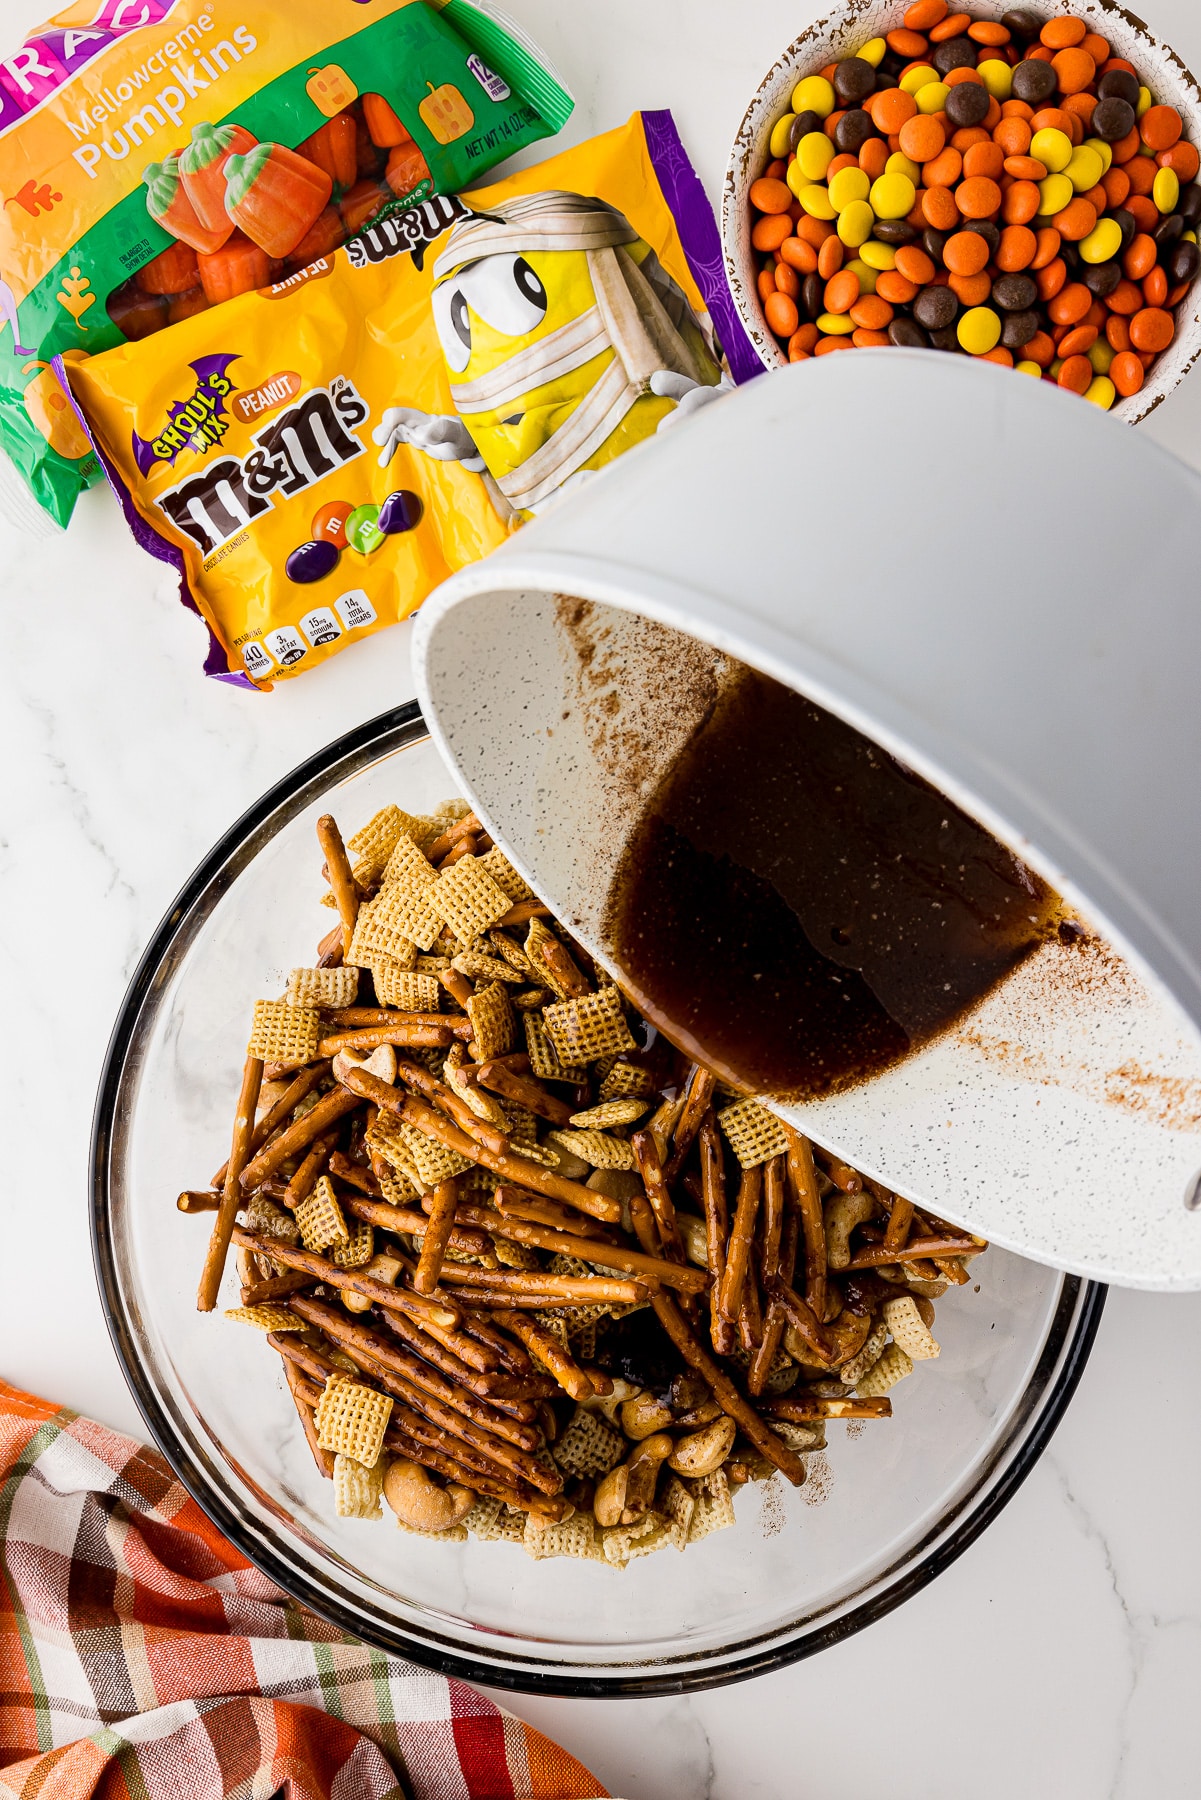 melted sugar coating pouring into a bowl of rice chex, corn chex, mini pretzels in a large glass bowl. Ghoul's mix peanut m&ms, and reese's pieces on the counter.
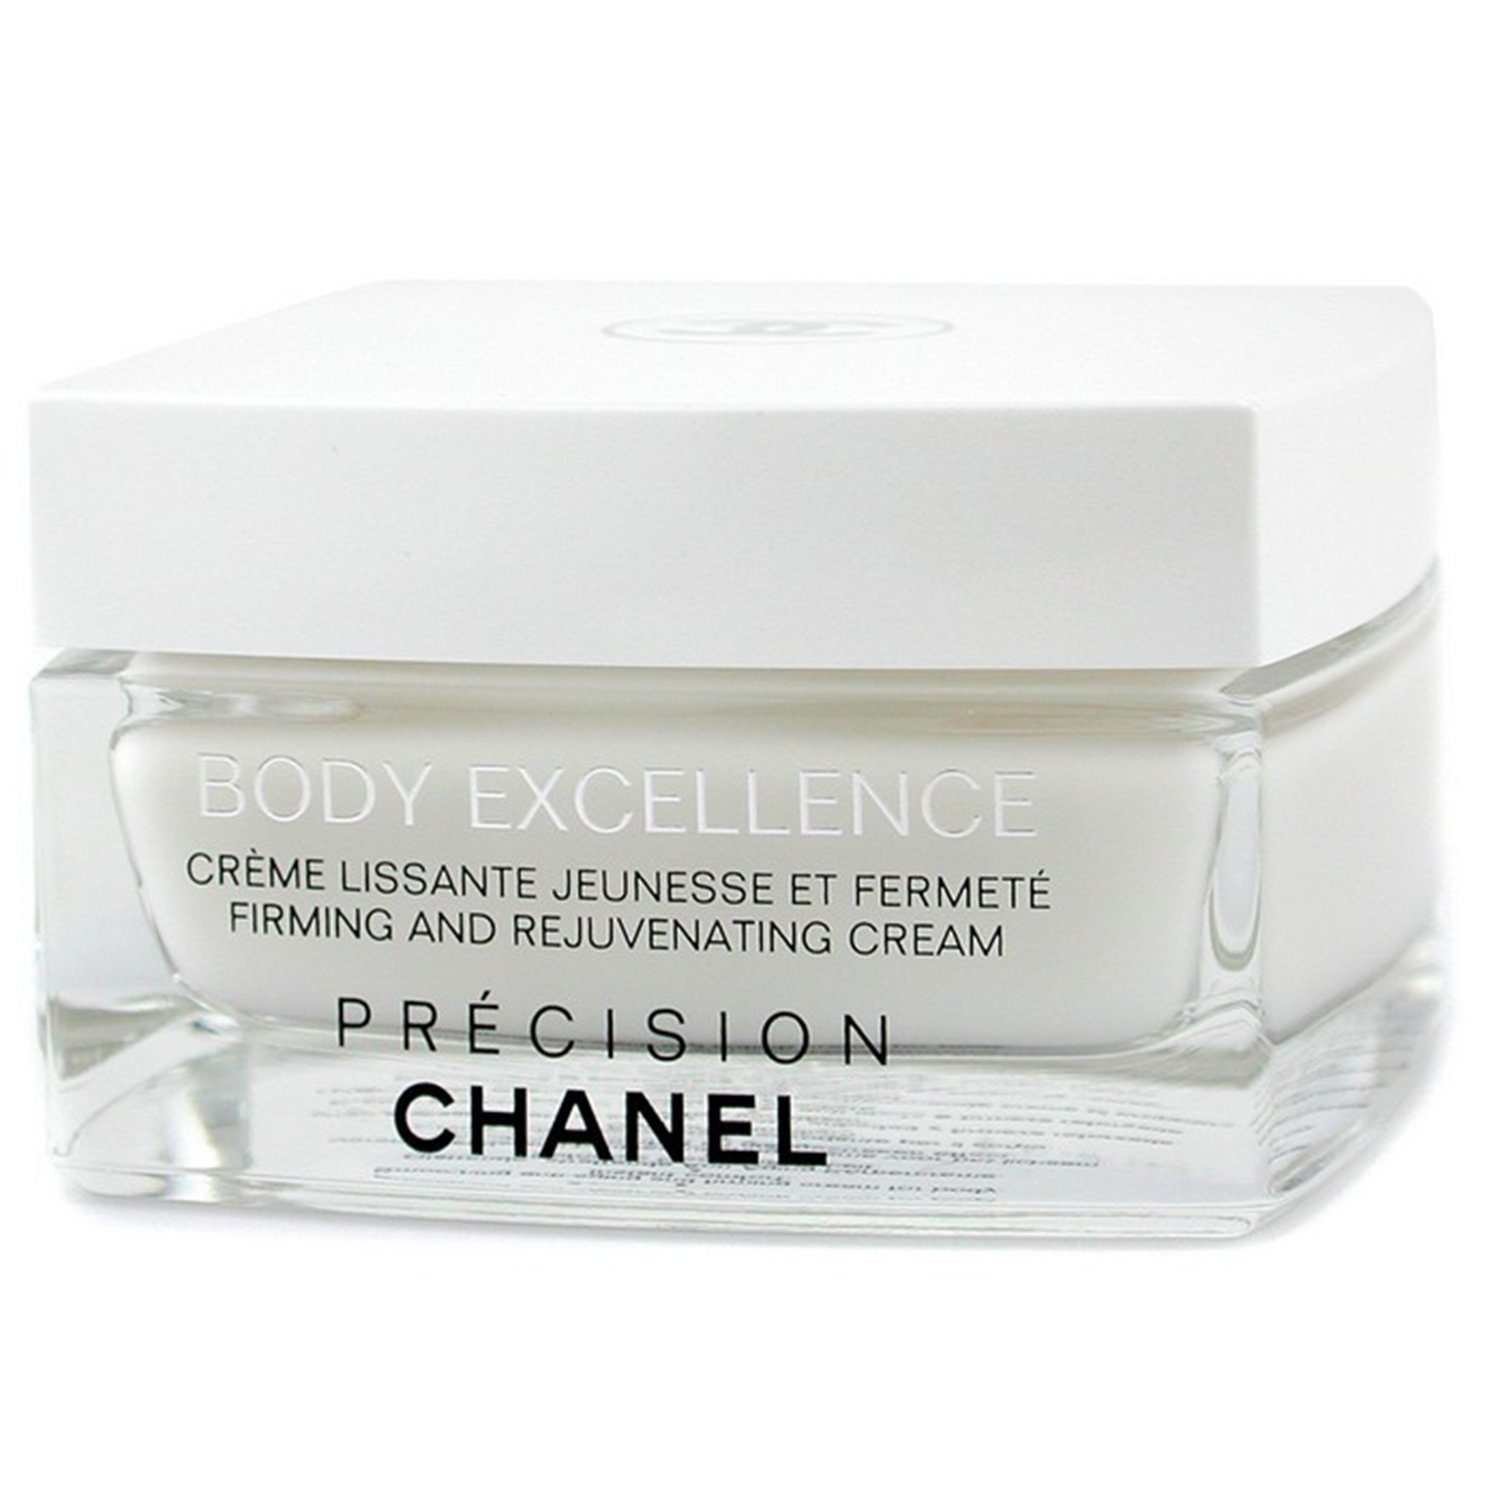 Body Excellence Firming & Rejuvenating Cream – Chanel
...
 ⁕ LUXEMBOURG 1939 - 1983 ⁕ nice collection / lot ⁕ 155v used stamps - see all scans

HOW TO COMPLETE THIS TASK:
Copy word for word the lines above, starting at the line containing "melted sugar coating" and ending at the line containing "Body Excellence Firming", inclusive, with no pictures.

WRITTEN ANSWER:
 melted sugar coating pouring into a bowl of rice chex, corn chex, mini pretzels in a large glass bowl. Ghoul's mix peanut m&ms, and reese's pieces on the counter.
 Body Excellence Firming & Rejuvenating Cream – Chanel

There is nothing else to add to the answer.